§ **INSTRUCTIONS TO FOLLOW**
Go through the data line by line from the top, retyping each exactly, and end with the line that contains "Zdjęcia - Healthy".

Collected data:
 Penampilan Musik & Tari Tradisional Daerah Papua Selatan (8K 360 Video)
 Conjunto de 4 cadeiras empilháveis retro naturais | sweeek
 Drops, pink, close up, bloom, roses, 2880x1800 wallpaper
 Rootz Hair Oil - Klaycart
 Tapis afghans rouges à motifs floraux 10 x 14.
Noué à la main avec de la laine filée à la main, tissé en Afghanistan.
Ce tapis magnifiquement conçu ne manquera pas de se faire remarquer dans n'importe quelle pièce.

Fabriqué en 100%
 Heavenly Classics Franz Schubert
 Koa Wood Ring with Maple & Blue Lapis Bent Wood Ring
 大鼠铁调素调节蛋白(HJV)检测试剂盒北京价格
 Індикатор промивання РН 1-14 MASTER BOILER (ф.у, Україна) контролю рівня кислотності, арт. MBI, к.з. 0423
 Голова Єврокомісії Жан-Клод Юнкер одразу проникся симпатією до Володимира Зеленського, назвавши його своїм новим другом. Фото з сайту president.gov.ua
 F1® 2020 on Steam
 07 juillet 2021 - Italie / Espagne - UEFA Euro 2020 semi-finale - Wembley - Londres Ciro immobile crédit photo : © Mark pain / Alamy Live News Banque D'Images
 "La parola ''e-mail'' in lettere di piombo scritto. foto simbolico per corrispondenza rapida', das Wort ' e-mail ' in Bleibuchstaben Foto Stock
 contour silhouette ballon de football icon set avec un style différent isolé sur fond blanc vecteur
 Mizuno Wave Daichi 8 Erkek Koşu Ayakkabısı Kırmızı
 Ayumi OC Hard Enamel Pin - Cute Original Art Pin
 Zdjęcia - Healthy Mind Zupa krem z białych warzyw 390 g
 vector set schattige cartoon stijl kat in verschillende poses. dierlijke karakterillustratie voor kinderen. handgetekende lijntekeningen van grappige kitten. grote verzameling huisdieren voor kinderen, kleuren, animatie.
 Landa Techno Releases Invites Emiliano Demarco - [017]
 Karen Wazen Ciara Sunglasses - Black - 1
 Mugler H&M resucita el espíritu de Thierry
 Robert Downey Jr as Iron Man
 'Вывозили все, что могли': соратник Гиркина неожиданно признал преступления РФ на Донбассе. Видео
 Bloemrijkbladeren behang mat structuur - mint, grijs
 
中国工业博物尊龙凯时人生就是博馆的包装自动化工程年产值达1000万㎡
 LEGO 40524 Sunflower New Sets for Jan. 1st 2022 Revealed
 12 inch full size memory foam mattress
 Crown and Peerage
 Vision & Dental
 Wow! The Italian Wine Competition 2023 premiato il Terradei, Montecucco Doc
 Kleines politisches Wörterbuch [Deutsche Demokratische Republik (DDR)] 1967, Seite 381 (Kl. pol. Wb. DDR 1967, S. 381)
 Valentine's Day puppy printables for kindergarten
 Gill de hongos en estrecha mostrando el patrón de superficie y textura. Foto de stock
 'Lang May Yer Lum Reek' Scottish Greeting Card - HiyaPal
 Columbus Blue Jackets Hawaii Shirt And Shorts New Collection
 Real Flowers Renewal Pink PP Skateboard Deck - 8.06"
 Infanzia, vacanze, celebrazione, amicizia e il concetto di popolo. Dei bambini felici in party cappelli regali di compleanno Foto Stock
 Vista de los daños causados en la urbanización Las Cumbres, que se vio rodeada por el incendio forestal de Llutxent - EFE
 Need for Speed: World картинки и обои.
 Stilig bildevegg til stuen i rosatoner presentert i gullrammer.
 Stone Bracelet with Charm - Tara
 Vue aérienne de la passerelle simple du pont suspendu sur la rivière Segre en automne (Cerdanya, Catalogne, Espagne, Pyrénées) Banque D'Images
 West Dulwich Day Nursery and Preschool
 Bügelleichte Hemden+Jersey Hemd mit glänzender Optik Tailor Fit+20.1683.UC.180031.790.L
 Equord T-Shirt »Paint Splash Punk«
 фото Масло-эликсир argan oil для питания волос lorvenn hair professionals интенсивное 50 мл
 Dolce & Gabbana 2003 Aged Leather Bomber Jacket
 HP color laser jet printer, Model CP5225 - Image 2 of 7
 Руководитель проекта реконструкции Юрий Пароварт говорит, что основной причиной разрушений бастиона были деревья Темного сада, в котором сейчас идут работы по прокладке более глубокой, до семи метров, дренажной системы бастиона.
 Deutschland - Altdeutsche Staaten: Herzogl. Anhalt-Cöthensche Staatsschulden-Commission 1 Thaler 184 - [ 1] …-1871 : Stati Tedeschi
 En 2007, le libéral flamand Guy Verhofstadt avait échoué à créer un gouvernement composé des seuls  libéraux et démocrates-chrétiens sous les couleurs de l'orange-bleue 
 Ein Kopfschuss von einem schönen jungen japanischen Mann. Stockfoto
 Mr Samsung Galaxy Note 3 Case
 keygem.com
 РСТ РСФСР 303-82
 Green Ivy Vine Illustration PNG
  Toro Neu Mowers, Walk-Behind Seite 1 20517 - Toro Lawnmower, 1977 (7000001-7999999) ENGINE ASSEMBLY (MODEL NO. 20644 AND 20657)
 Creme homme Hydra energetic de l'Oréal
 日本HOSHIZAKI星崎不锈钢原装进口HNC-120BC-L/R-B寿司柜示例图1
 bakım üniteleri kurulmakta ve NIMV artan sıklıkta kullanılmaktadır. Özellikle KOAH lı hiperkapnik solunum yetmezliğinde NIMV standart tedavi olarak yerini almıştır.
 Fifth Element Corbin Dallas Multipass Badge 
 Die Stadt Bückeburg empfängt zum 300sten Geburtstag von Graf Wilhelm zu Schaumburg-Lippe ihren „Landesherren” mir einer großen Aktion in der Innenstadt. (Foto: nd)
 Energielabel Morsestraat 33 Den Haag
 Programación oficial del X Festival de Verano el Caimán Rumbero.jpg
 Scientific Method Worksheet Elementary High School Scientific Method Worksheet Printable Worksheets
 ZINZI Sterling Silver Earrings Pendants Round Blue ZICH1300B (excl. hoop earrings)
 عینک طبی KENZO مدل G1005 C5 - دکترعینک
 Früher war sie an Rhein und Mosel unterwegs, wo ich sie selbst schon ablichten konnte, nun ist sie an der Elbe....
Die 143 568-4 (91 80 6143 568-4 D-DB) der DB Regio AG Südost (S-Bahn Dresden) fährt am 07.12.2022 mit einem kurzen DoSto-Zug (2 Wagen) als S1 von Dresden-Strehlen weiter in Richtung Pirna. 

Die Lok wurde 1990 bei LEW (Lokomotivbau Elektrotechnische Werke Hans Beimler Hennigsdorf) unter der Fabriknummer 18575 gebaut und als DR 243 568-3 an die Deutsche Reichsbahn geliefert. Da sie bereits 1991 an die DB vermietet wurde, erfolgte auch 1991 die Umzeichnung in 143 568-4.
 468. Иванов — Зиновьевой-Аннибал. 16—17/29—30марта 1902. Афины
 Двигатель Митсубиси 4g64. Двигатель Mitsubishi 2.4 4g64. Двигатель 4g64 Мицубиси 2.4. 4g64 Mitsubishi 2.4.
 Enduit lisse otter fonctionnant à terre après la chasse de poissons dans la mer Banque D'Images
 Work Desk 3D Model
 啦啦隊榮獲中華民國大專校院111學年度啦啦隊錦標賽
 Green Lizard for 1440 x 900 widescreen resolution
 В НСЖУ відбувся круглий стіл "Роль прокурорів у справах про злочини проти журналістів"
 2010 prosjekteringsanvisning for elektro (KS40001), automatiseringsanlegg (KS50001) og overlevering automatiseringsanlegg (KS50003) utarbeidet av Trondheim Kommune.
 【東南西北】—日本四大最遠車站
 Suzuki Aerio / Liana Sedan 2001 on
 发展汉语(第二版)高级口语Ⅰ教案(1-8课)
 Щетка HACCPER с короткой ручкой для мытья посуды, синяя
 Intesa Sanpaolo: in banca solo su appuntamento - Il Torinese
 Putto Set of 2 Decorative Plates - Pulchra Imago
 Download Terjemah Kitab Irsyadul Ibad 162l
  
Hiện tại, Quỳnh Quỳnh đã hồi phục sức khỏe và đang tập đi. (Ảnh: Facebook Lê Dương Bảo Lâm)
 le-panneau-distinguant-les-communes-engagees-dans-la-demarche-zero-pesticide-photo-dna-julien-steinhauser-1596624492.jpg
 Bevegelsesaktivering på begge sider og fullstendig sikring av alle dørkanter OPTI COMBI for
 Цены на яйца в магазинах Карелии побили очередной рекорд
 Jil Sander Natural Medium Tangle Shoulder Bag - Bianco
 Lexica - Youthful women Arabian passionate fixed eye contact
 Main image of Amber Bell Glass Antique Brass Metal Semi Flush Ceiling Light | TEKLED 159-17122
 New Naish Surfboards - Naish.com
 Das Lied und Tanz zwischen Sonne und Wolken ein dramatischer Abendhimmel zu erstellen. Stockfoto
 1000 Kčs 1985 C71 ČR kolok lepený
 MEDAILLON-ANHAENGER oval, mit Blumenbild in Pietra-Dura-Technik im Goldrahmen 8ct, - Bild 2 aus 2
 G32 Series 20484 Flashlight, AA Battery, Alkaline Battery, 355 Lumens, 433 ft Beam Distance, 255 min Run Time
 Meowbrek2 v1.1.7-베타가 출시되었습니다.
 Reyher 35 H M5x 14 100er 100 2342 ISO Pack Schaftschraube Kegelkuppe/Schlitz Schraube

§ **ANSWER BOX**
 Penampilan Musik & Tari Tradisional Daerah Papua Selatan (8K 360 Video)
 Conjunto de 4 cadeiras empilháveis retro naturais | sweeek
 Drops, pink, close up, bloom, roses, 2880x1800 wallpaper
 Rootz Hair Oil - Klaycart
 Tapis afghans rouges à motifs floraux 10 x 14.
Noué à la main avec de la laine filée à la main, tissé en Afghanistan.
Ce tapis magnifiquement conçu ne manquera pas de se faire remarquer dans n'importe quelle pièce.

Fabriqué en 100%
 Heavenly Classics Franz Schubert
 Koa Wood Ring with Maple & Blue Lapis Bent Wood Ring
 大鼠铁调素调节蛋白(HJV)检测试剂盒北京价格
 Індикатор промивання РН 1-14 MASTER BOILER (ф.у, Україна) контролю рівня кислотності, арт. MBI, к.з. 0423
 Голова Єврокомісії Жан-Клод Юнкер одразу проникся симпатією до Володимира Зеленського, назвавши його своїм новим другом. Фото з сайту president.gov.ua
 F1® 2020 on Steam
 07 juillet 2021 - Italie / Espagne - UEFA Euro 2020 semi-finale - Wembley - Londres Ciro immobile crédit photo : © Mark pain / Alamy Live News Banque D'Images
 "La parola ''e-mail'' in lettere di piombo scritto. foto simbolico per corrispondenza rapida', das Wort ' e-mail ' in Bleibuchstaben Foto Stock
 contour silhouette ballon de football icon set avec un style différent isolé sur fond blanc vecteur
 Mizuno Wave Daichi 8 Erkek Koşu Ayakkabısı Kırmızı
 Ayumi OC Hard Enamel Pin - Cute Original Art Pin
 Zdjęcia - Healthy Mind Zupa krem z białych warzyw 390 g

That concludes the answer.